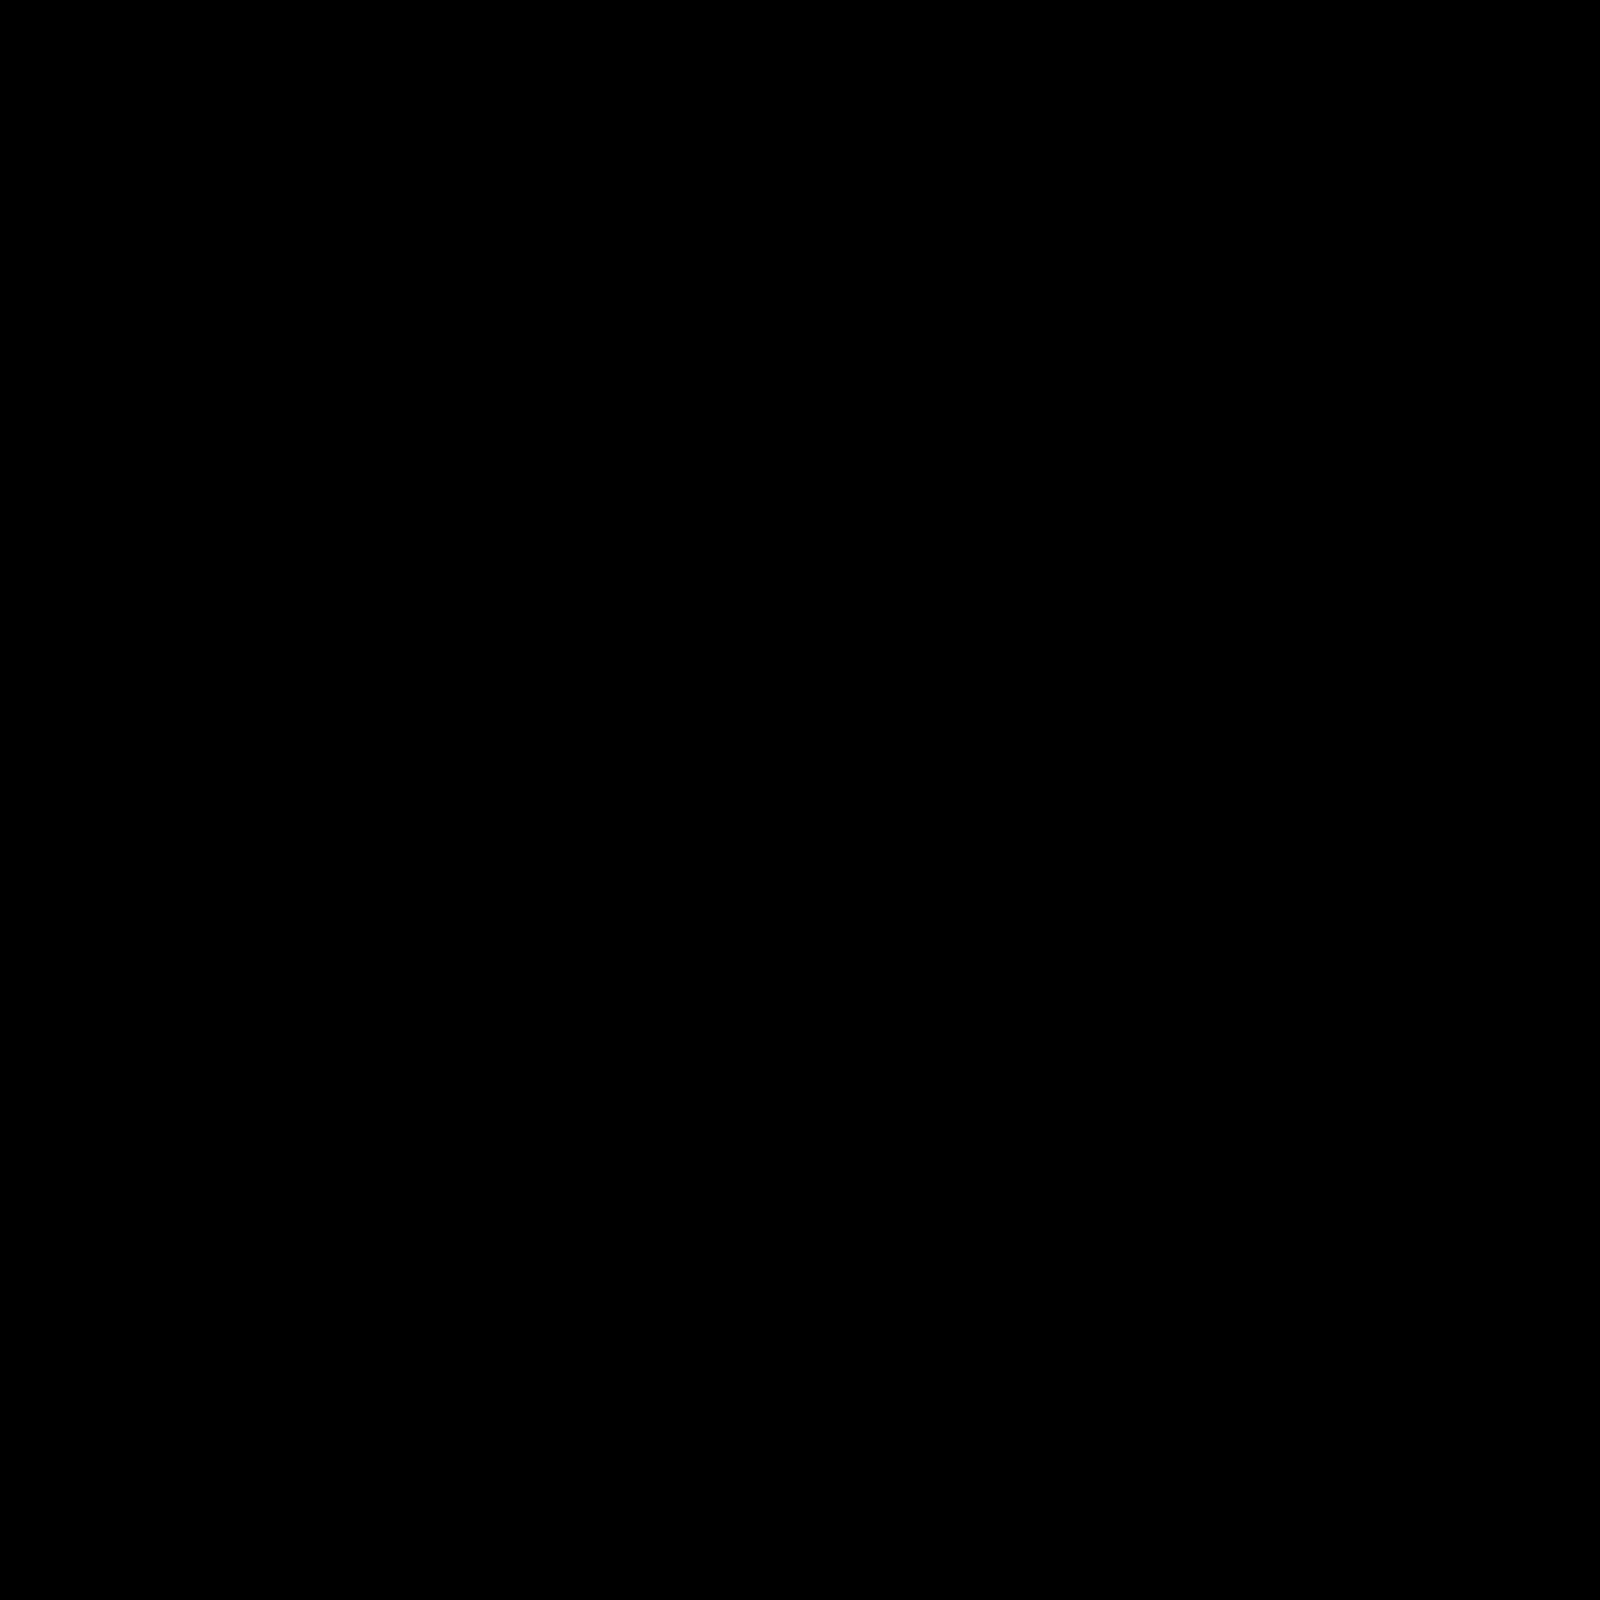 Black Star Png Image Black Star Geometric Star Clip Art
━━━━━━━━━━━━━━━━━━━━
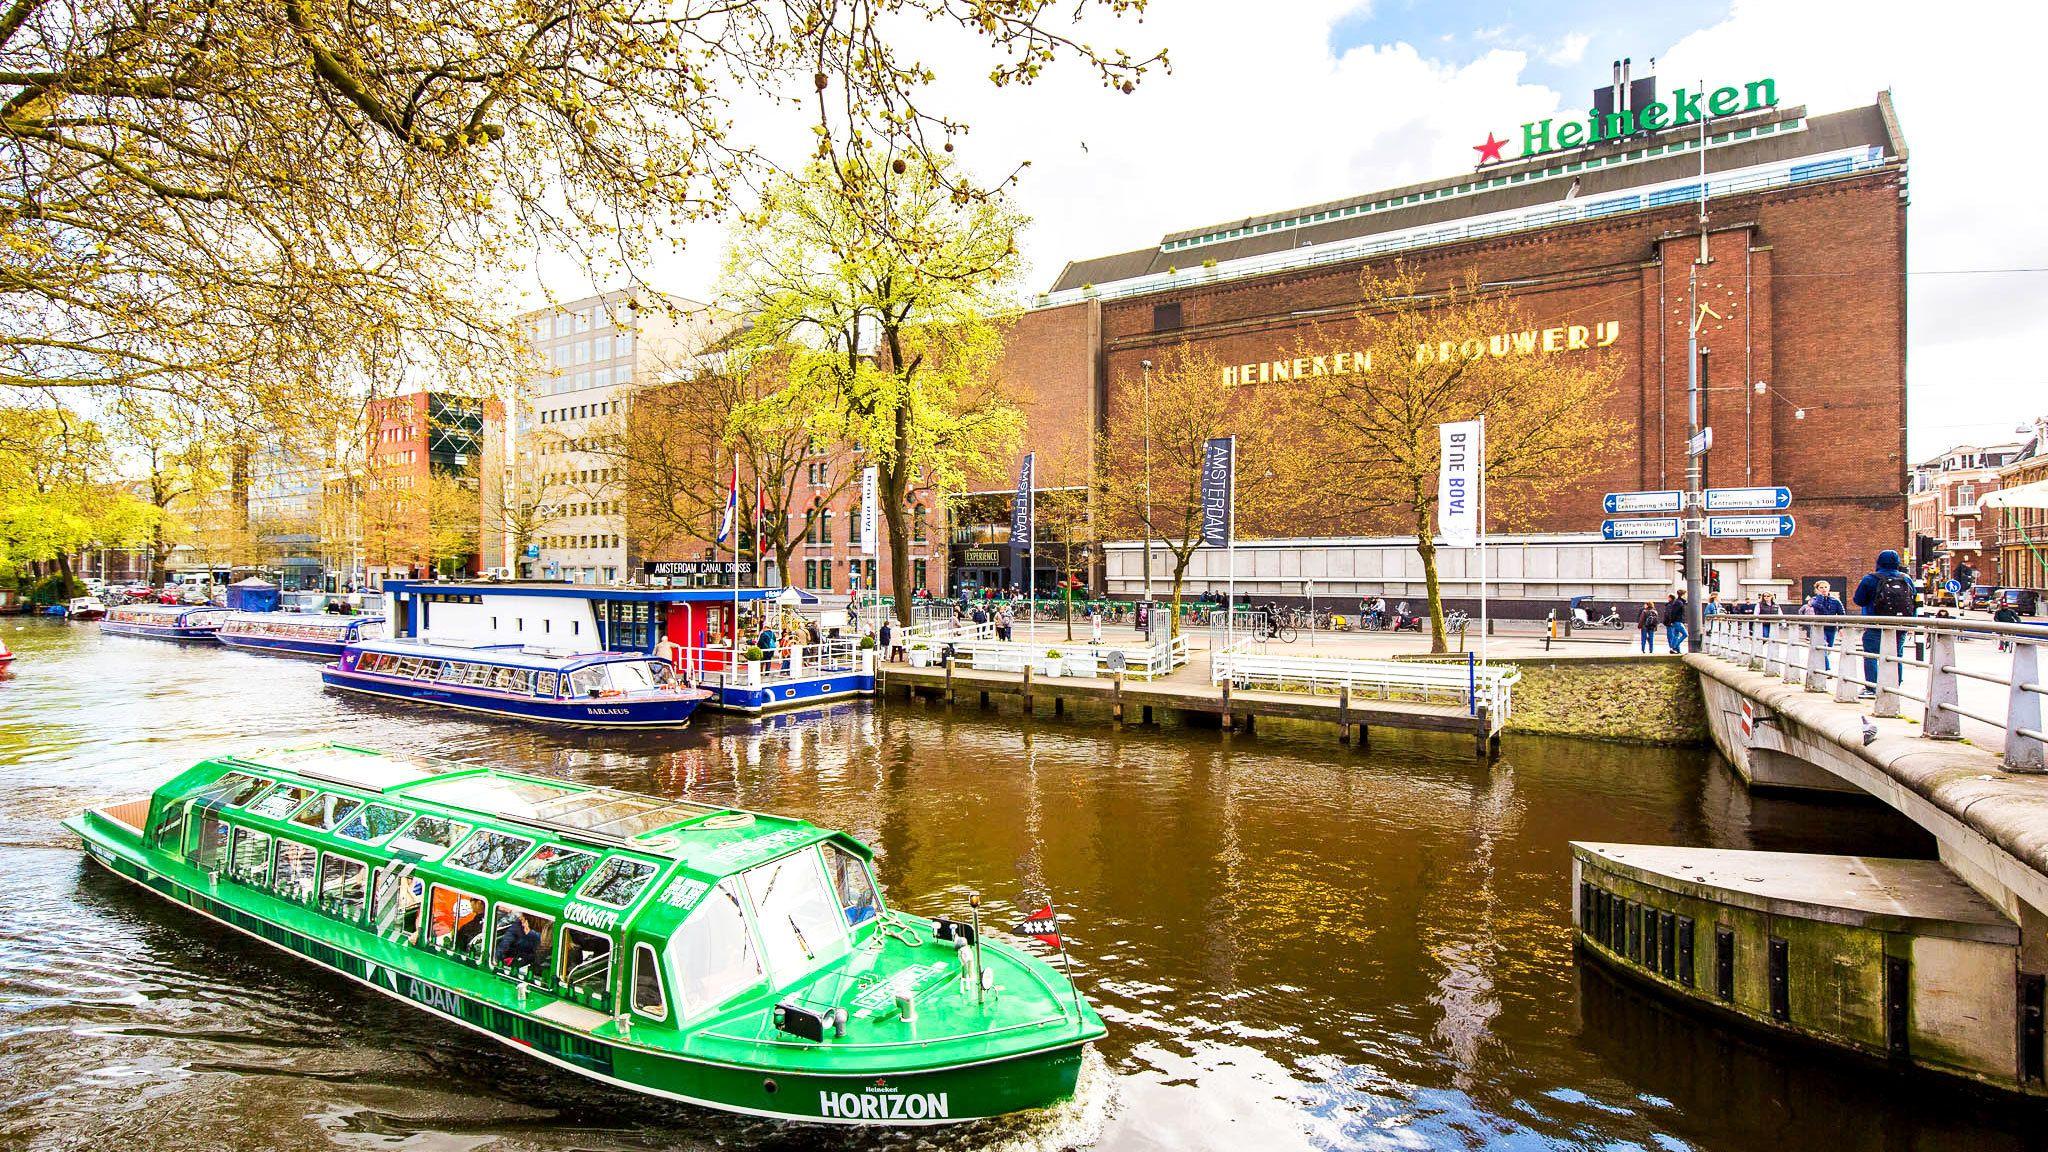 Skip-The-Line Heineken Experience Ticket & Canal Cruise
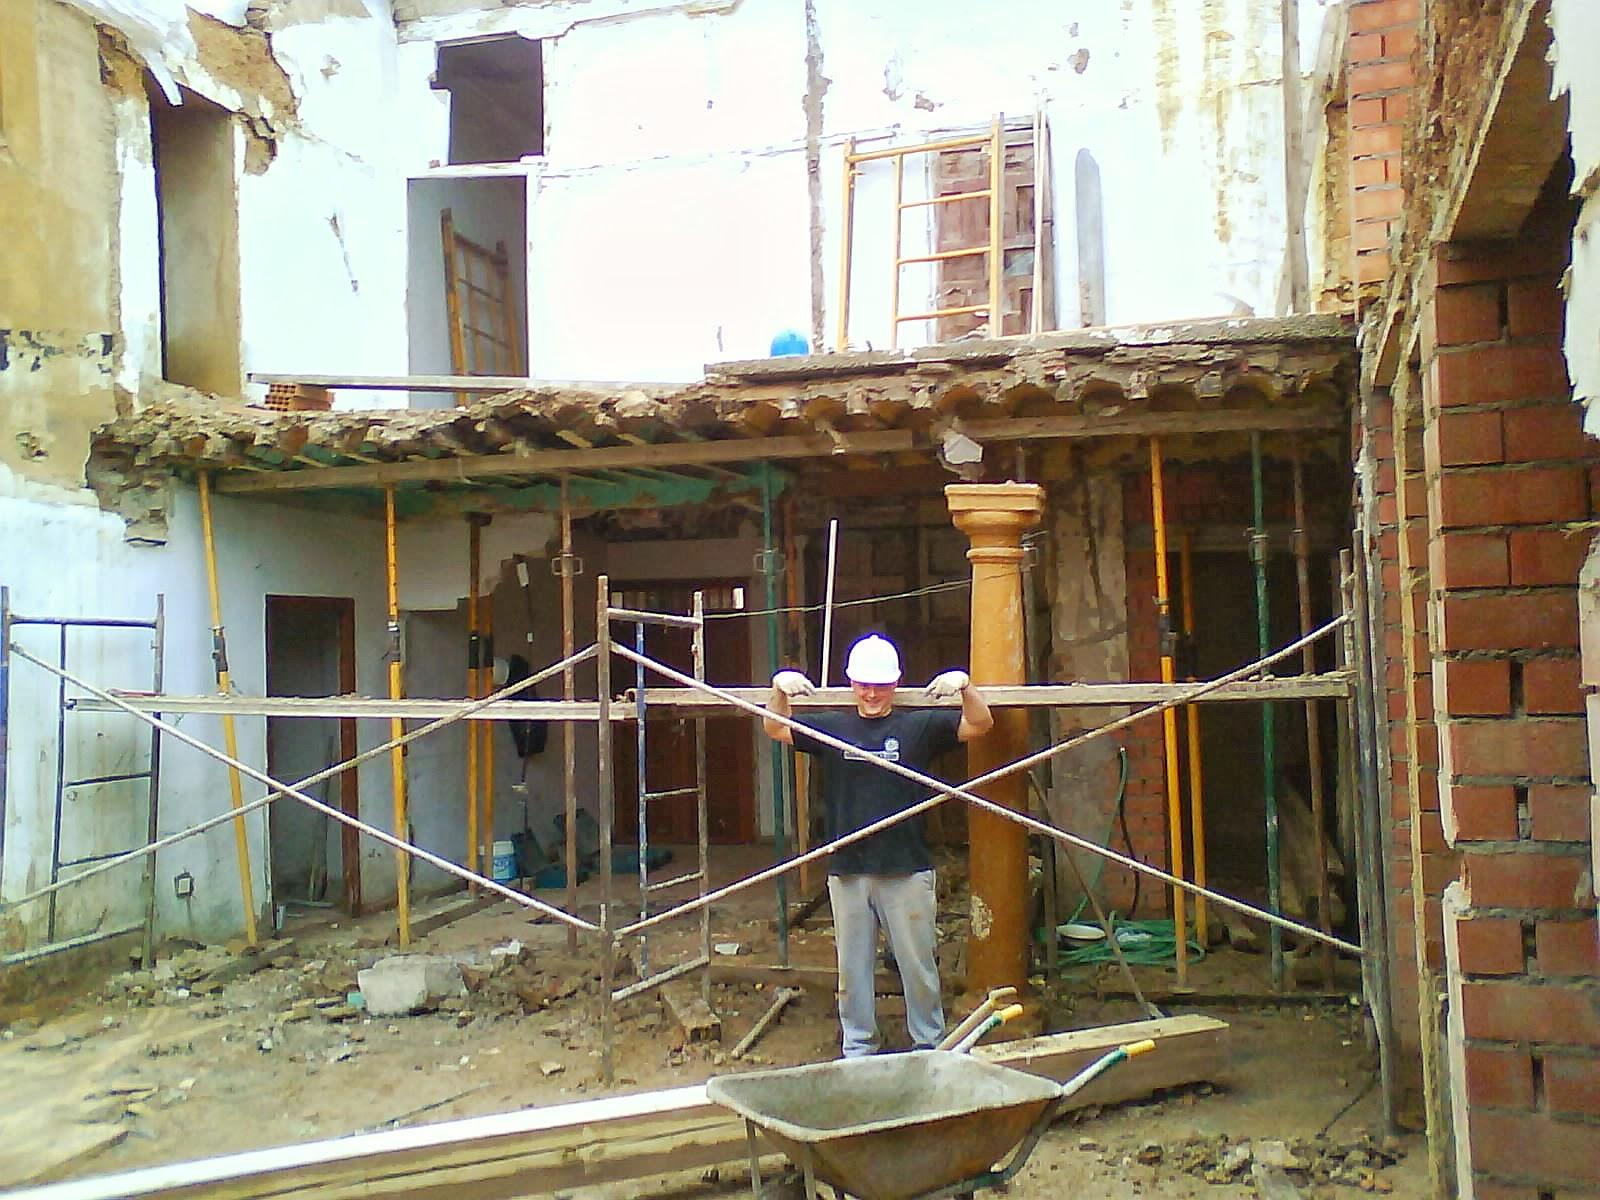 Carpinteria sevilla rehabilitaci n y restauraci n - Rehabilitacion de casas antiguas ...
━━━━━━━━━━━━━━━━━━━━
EXERCISE REQUIREMENTS ::
Which part of the entries opens with the line containing "Skip-The-Line Heineken Experience" and closes with the line containing "Carpinteria sevilla rehabilitaci"? Output that part exactly, ends included, pictures excluded.

WRITTEN SOLUTION ::
 Skip-The-Line Heineken Experience Ticket & Canal Cruise
 Carpinteria sevilla rehabilitaci n y restauraci n - Rehabilitacion de casas antiguas ...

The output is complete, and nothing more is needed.